Growing the business online was an ongoing project long before the pandemic, “but COVID absolutely forced us to step up our online shopping cart game,” said Guntren, whose online orders and rentals surged 600 percent during the summer and fall of 2020, “thanks to the wonderful dedicated work of our marketing and internet manager, Tim Barrett.” Guntren continued, “We’re continuing to pour resources into upping our online game moving forward. Our online clients receive the same level of care that our friends in education, and clients walking in the front door, experience.”
That customer service experience means doing whatever is required to take care of the customer, and each of the store’s 20 employees “is empowered to go off-page to make our guests happy, whether it be a price match, or an extra service or delivery,” Guntren explained. “Every guest is greeted upon entering our business, and when someone calls our store, an actual human being picks up the phone 99 percent of the time.” Guntren added that he gives his personal cell phone number out to educators, who “are welcome to call me anytime.”
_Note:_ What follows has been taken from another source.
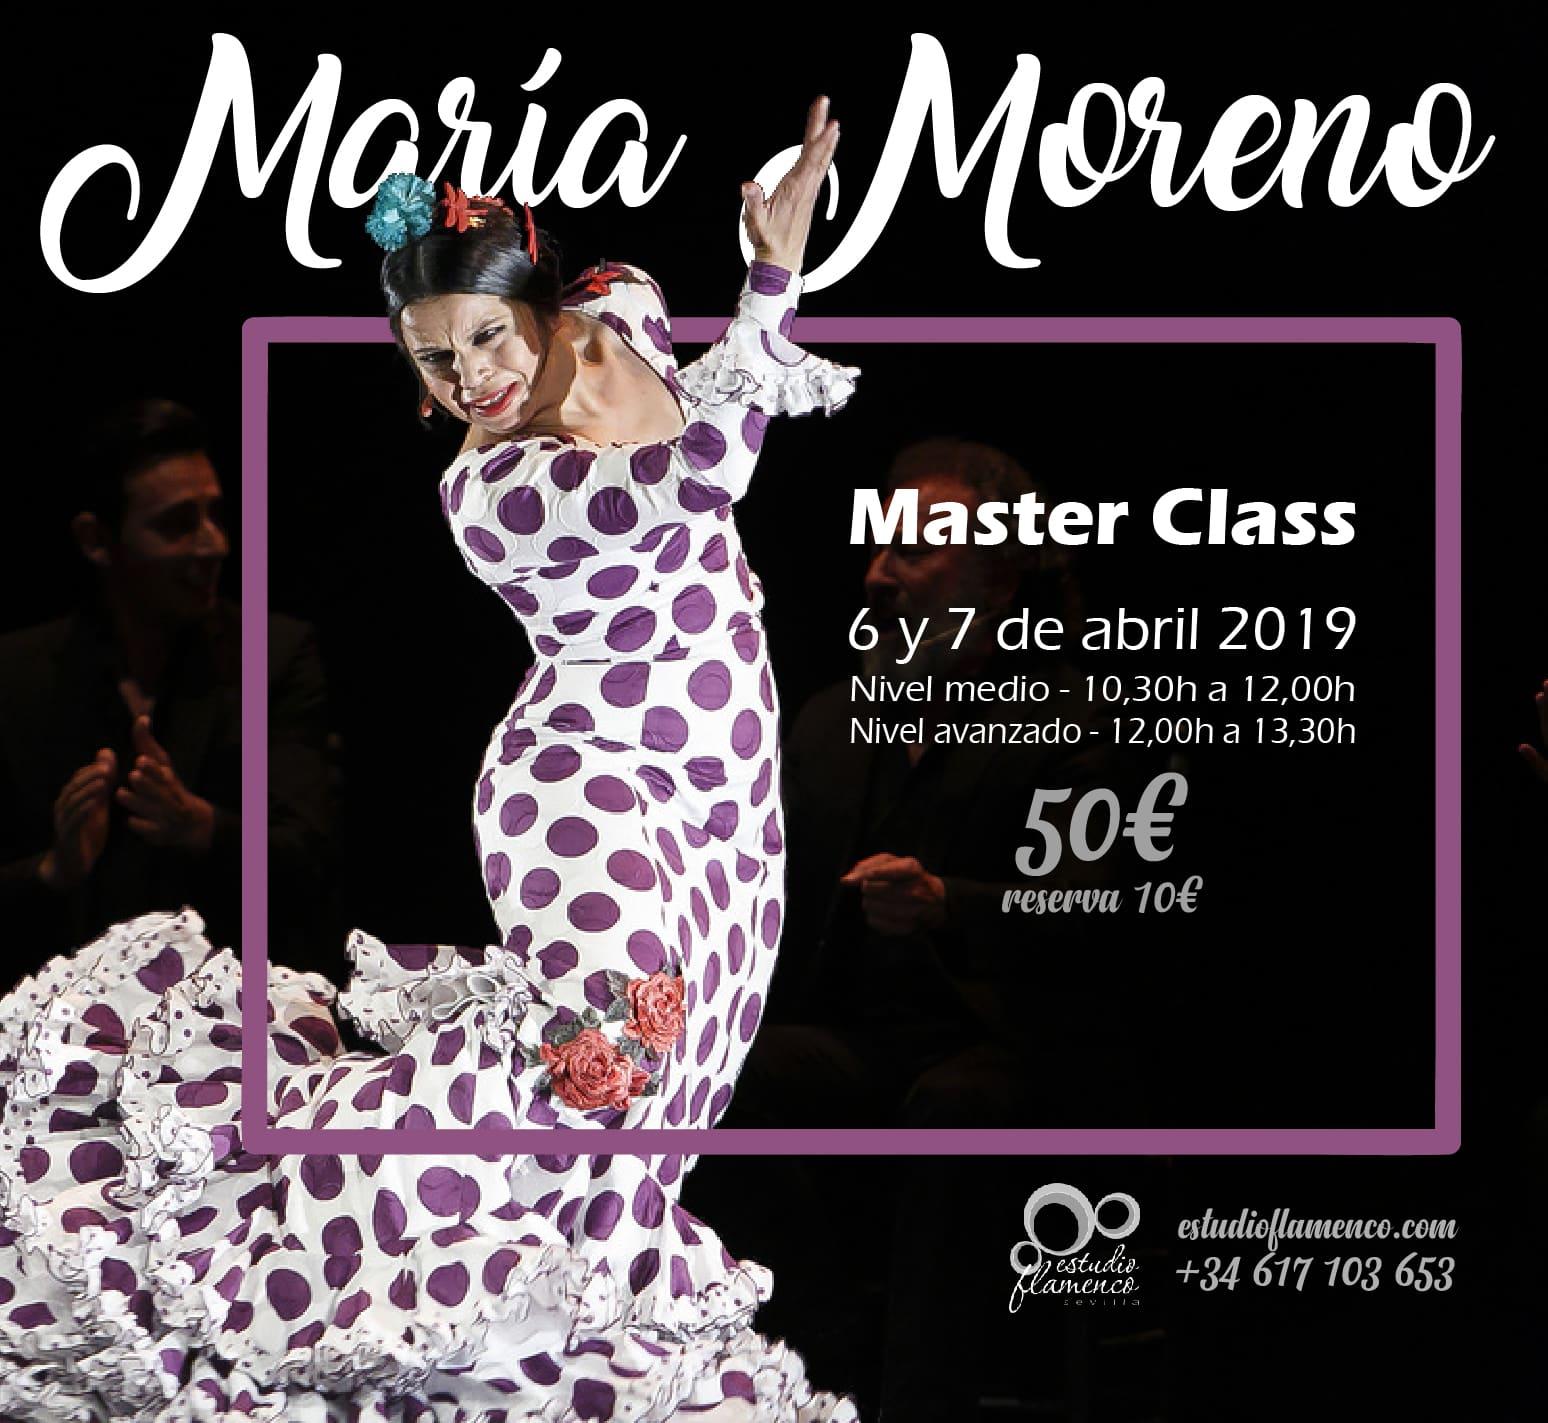 María Moreno Master Class

Seven full-time instrument technicians make up the repair team that Guntren calls the heart of the business and, under the leadership of Whitney Turner, they work overtime to fix instruments of all types, “whether they were bought from us or not,” said Guntren. Meanwhile, the road team is out picking up and delivering repairs and supplies to educators and schools all year long, “in the snow, ice, and heat,” he said.
Guntren takes pride in the store’s 4.9 rating on Google, pointing to that as proof that he and his staff must be doing something right. “A rating like that doesn’t just happen; it is earned by treating our clients like friends time after time, and making sure we go the extra mile every day,” he said. “Maybe we go too far sometimes, but that’s OK with me. Whatever it takes, we try to never lose sight of who the boss is: our clients.”
And, after surviving a global pandemic with the business intact, Guntren plans to take that belief more seriously than ever. “The most important takeaway from the pandemic was the gift of gratitude. We appreciate our clients more than ever, and we tell them every day,” he said. “It’s our long-term clients that made it possible for our business to survive during COVID. What a great opportunity to say thanks.”